Durability and the redosing problem

Across every compound, durability is the quiet weakness. Ketamine and esketamine fade within weeks and are dosed indefinitely. Even psilocybin, sold on the promise of lasting change from a single dose, shows waning benefit over time: a veteran cohort saw response fall from 80% at six months to 40% at twelve#, and the intensity of the acute experience, not just the drug, tracks with who improves#. Whether the answer is periodic redosing, better integration therapy, or accepting that these are maintenance rather than one-shot treatments is still unresolved.
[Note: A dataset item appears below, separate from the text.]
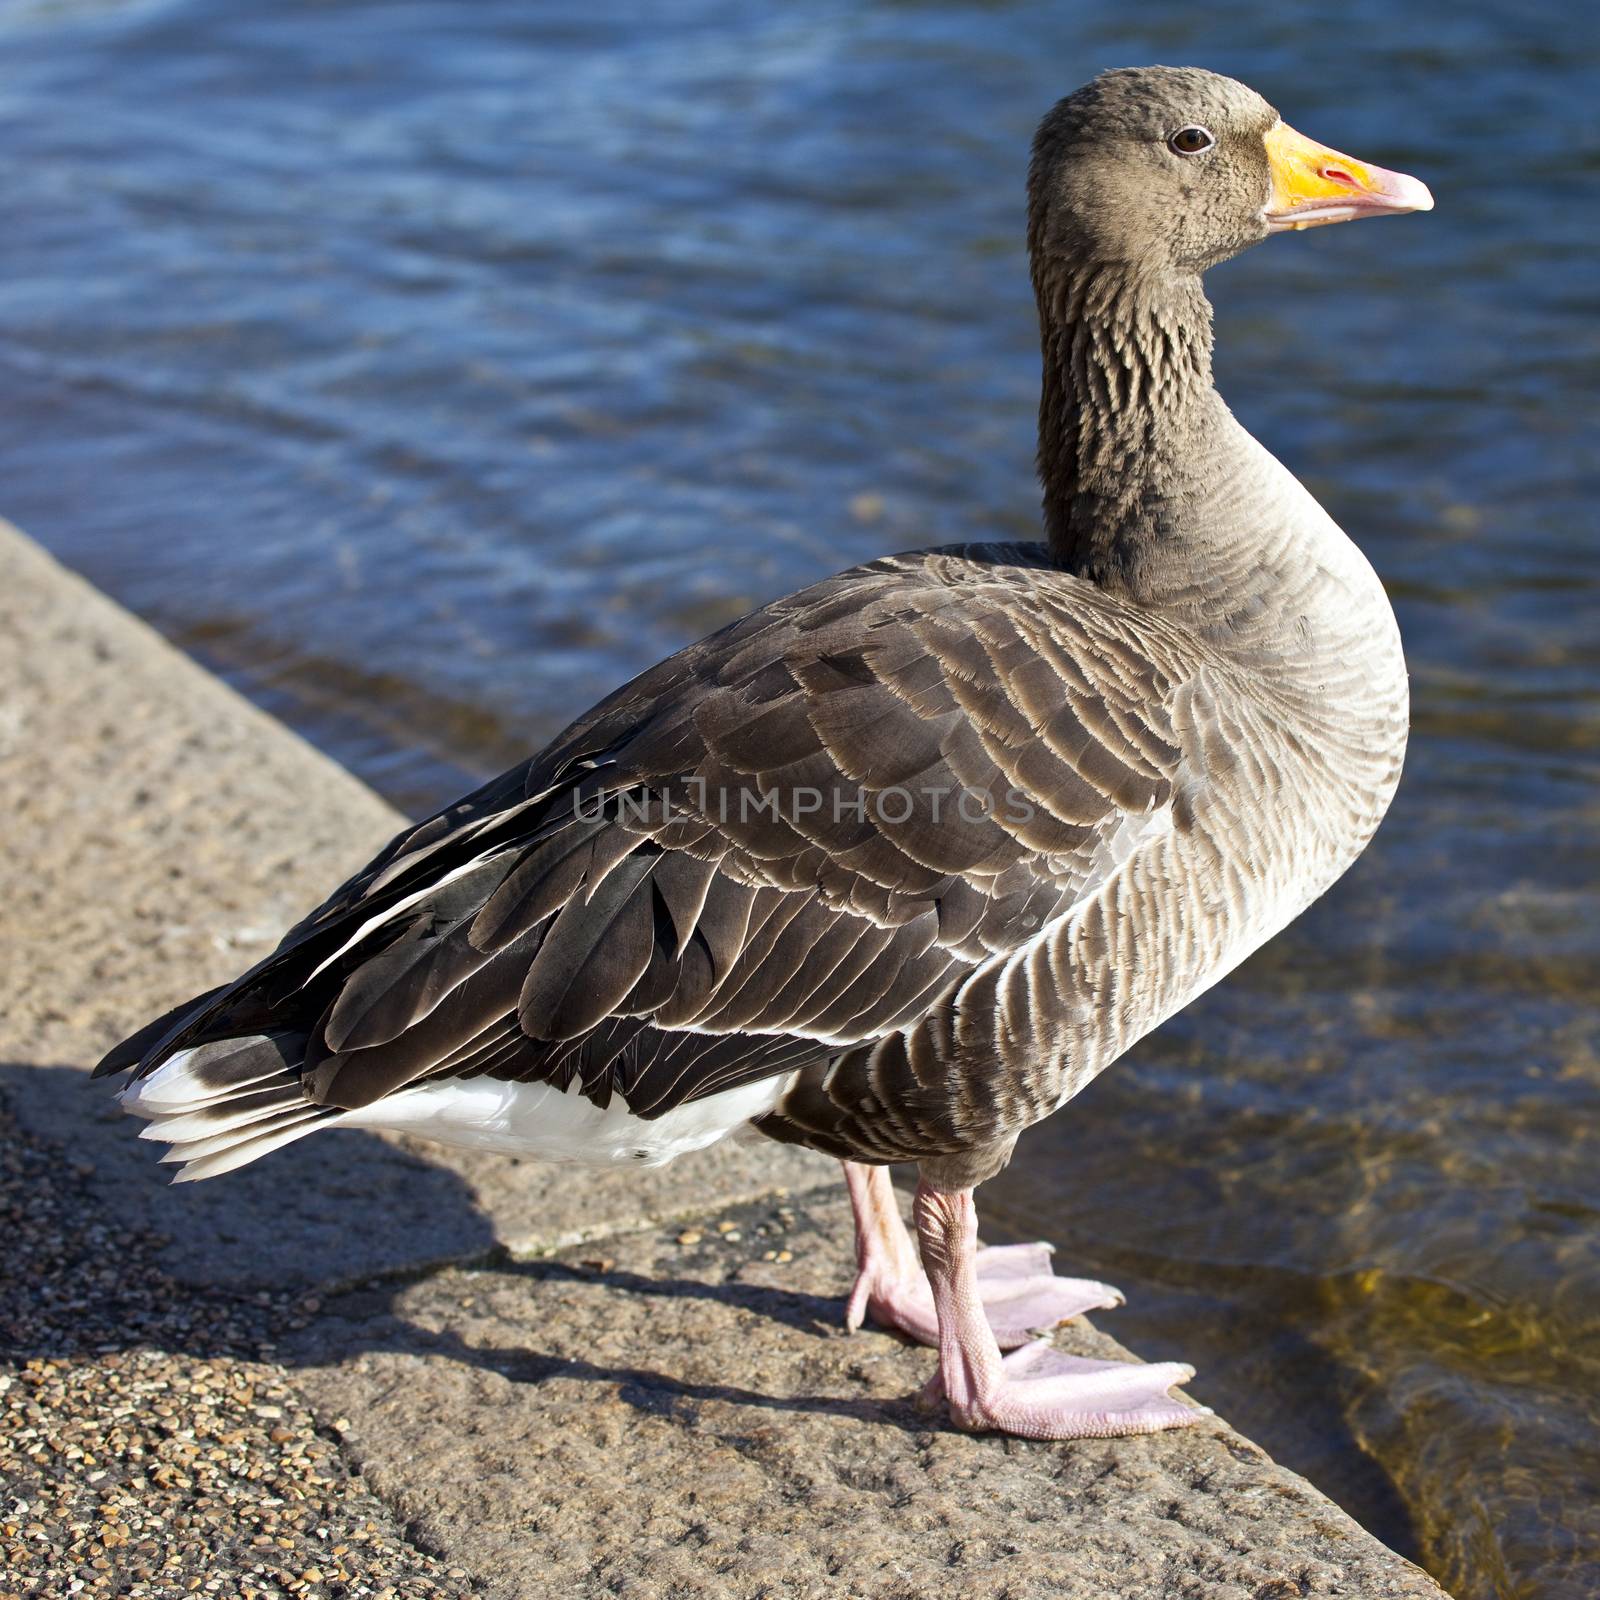 A duck sitting by the Serpentine in Hyde Park, London.

Cost, access and the scale problem

A theme that rarely makes the headlines runs underneath all of this: delivery. Esketamine must be given in a certified clinic with hours of monitoring under a REMS programme, which is expensive and limits where it can be offered. Off-label ketamine is cheaper per dose but is delivered through a patchwork of largely unregulated, often out-of-pocket clinics, so quality and access vary widely. Psilocybin therapy, as trialled, pairs a single dose with a full day of supervised support plus preparation and integration sessions, which is effective but labour-intensive and hard to scale.
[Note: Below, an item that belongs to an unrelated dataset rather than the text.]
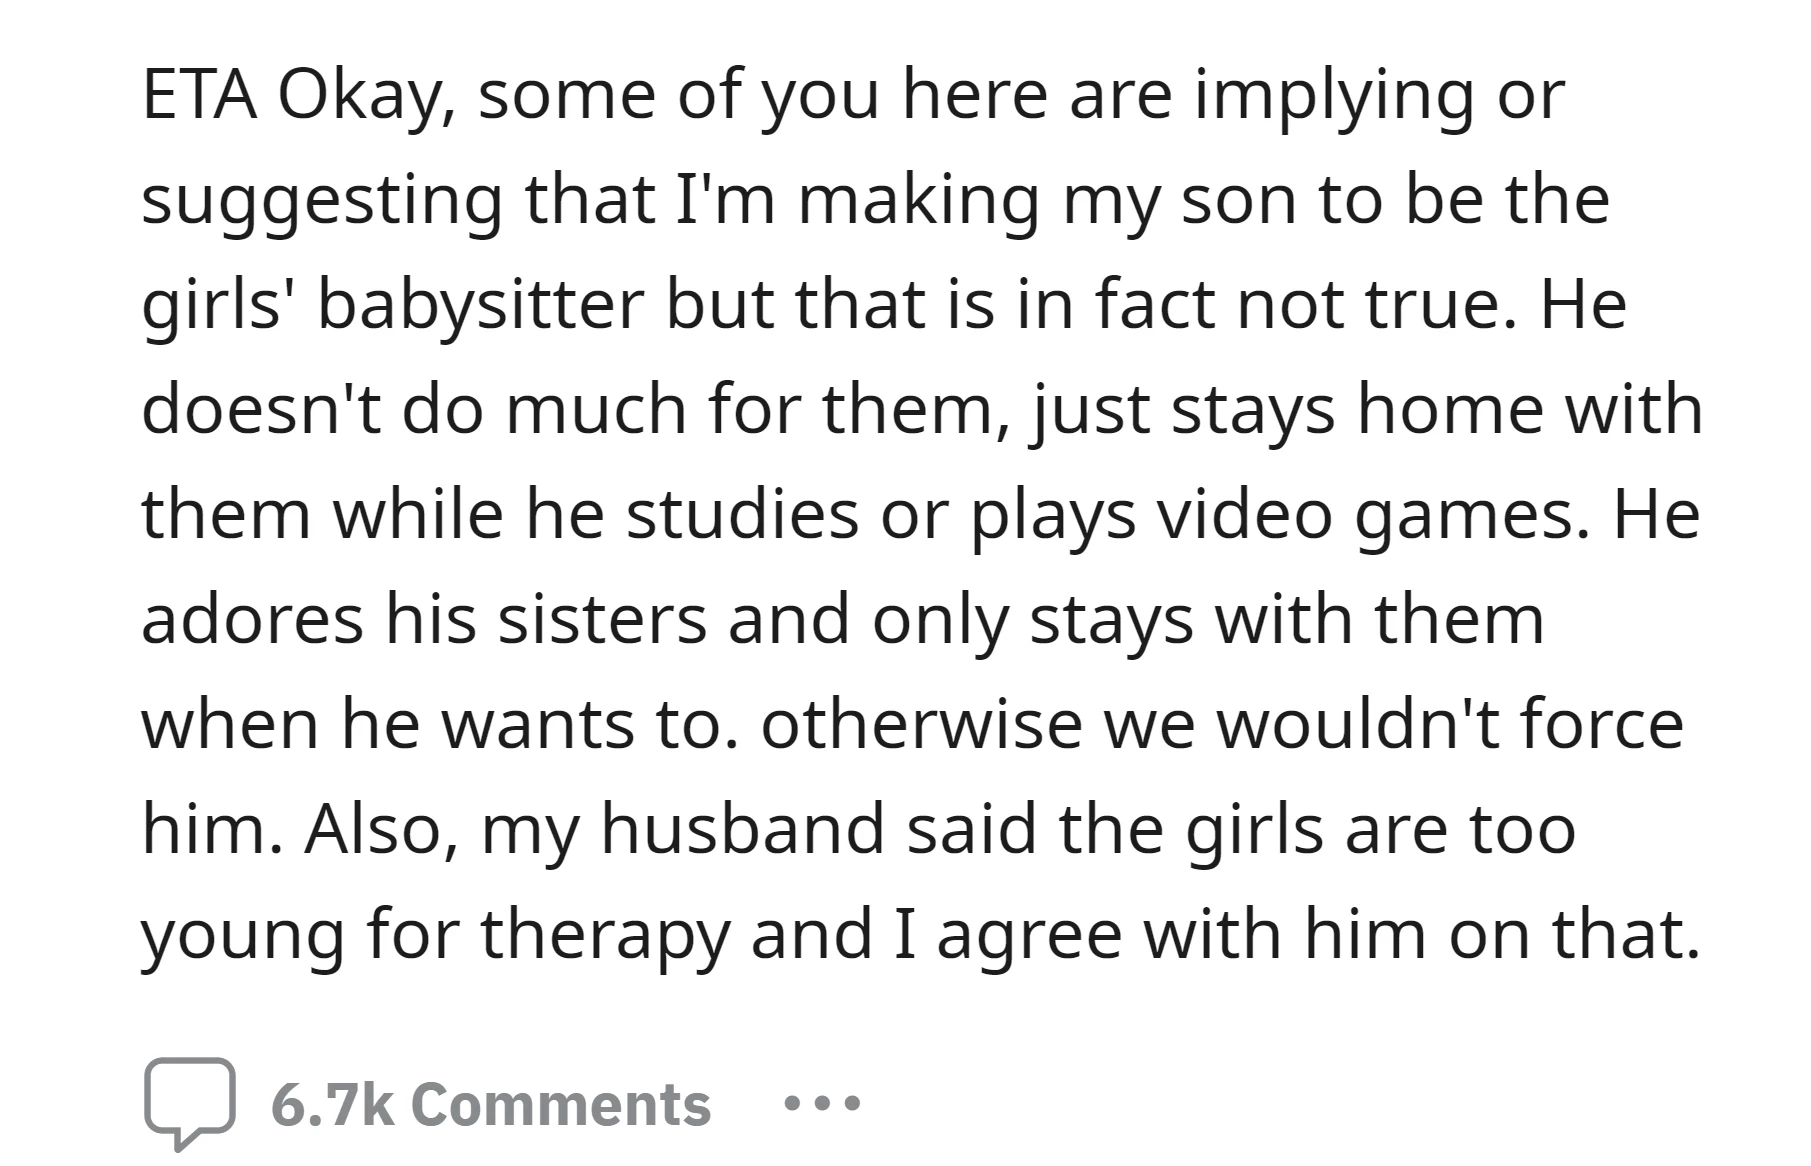 The OP clarifies that they don't make their son babysit the girls, as he only stays with them voluntarily

This is the real reason the minutes-long tryptamines attract so much investment: a treatment that frees up the clinic in under two hours is far easier to deliver to the millions of people with treatment-resistant depression than one that occupies a therapist and a room for an entire day. Whether the rapid agents can match the durability of the longer sessions is the open question on which much of the field’s practical future depends.

Reading this honestly

So where does TRD sit? Further ahead than any other psychedelic indication, and that lead is genuine: an approved drug, a real Phase 3 win, and a pipeline of credible next-generation agents. But the honest reading refuses two temptations at once, the dismissive one that says none of this works, and the breathless one that says depression is solved. The effects are real and modest, the durability is short, the blinding is imperfect, and the graveyard of failed programmes is long. For people with treatment-resistant depression, that combination, real options that are not miracles, is both the most hopeful and the most honest thing the evidence will support.